Am I wrong in remembering that ranking quality content was how they started out?
| 8:02 pm on Nov 6, 2006 (gmt 0)|
"How many times do people watch television, say a football game and see advertisements for cleaning supplies? That is not relevant to football at all so should television decide to stop airing those commercials? A paid advertisement is a paid advertisement. If webmasters think that paid links will convert to sales even if they are not relevant sites, then why should google care? "
That sums it up nicely. The problem is that google's ranking methods don't quite fit with reality. They should discount the links they don't like, but don't penalize a site for getting all the links it can. It's only natural that sites would attempt to get as much visibility as possible.
Adam said this in regard to detecting links that have been bought for advertising versus links that have been bought for page rank manipulation: "But Adam... I really do expect thousands of eager targeted visitors to my Icelandic-Cheap-Flights.tv site from that tiny white-on-white text link buried 3 levels deep on PR7 HotGardeningTips4U.info!"
The only problem I see with that scenario is that the link is white-on-white and hidden. It's obviously for pagerank purposes. But if you take that out, who's to say that people who garden a lot wouldn't be interested in cheap flights to iceland? I would doubt it personally, but then I don't understand the appeal of teletubbies, elmo, most sitcoms, and hiphop.
I'm hoping that Adam was really referring to the hidden link aspect in that example and wasn't inferring that a link between sites should conjure some obvious similarity between the two sites in order to be valid---Because when I watch the superbowl I see all kinds of ads that have nothing to do with football. But the advertisers are placing their ads there because of all the eyeballs they can catch.

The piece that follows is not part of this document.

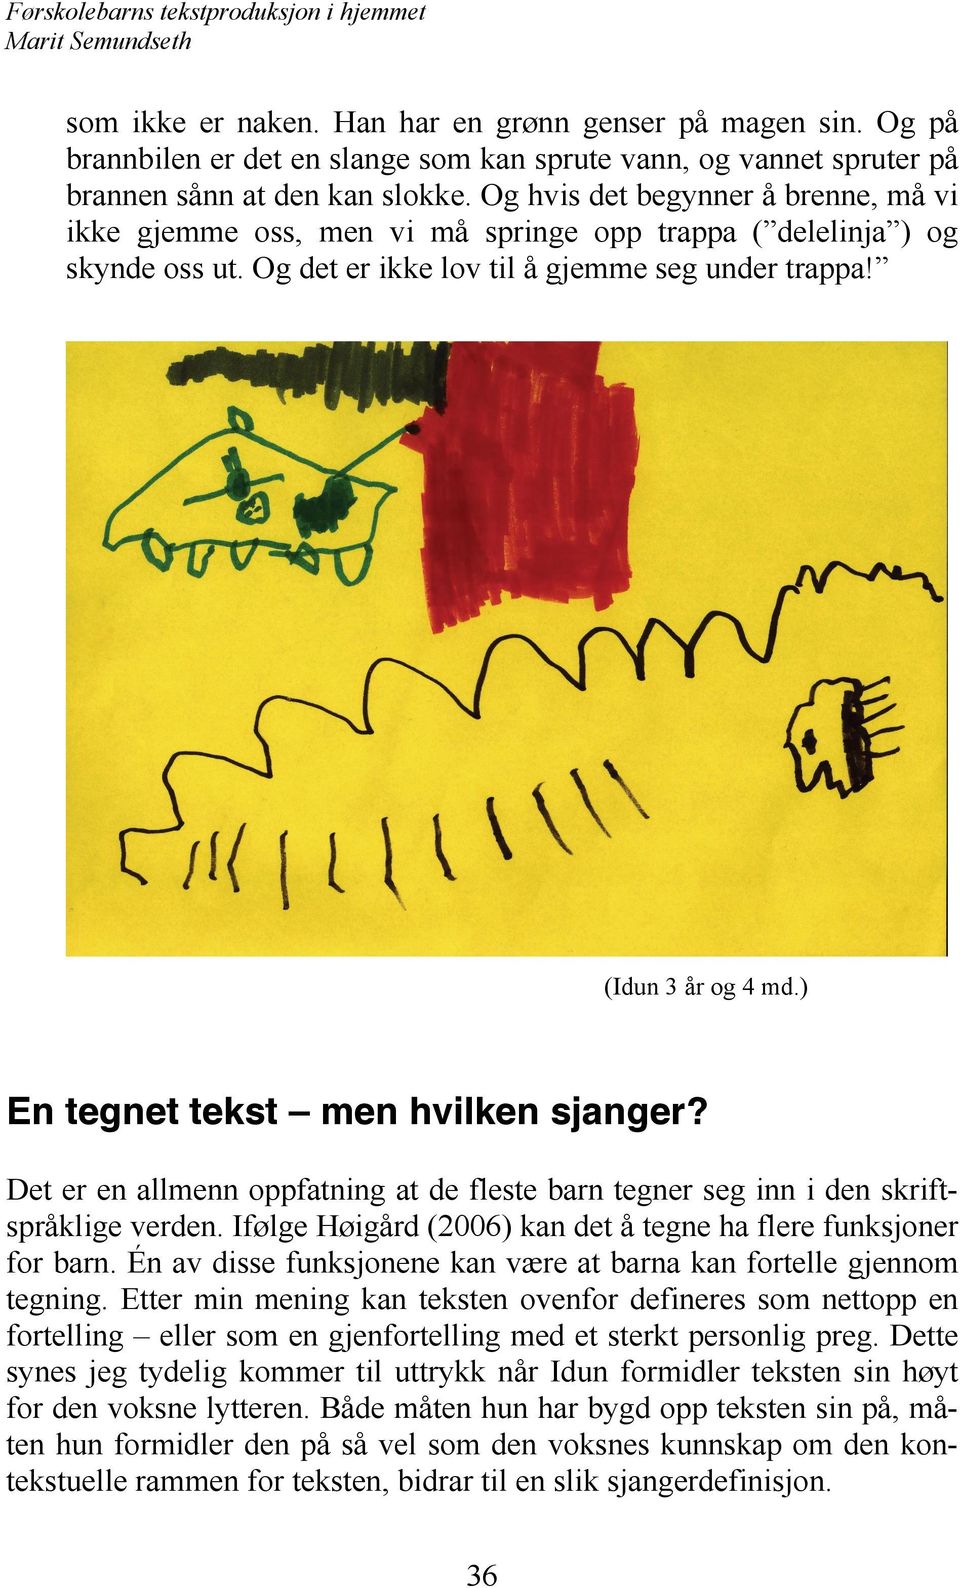 ) En tegnet tekst men hvilken sjanger? Det er en allmenn oppfatning at de fleste barn tegner seg inn i den skriftspråklige verden. Ifølge Høigård (2006) kan det å tegne ha flere funksjoner for barn.

If I had a chance to get a somewhat unrelated link from a PR 9 site, I might take it because it would likely mean high traffic and a lot of eyeballs. That's advertising and PERFECTLY LOGICAL. However, because of Google I might (i.e. would probably) hesitate due to the fear--illogical but well-inspired by google--that my site would be singled out for a smack down.
| 8:46 pm on Nov 6, 2006 (gmt 0)|
That sends out a very bad signal to webmasters who are looking for adword alternatives. Search really needs to think this through a bit more before it opens up a very large can of worms.
When webmasters buy links, we are spending money with another company in good faith that links will be placed on good sites and we will get traffic. If that company uses hidden text google should inform me so I can fire them. They should not penalize, just discount!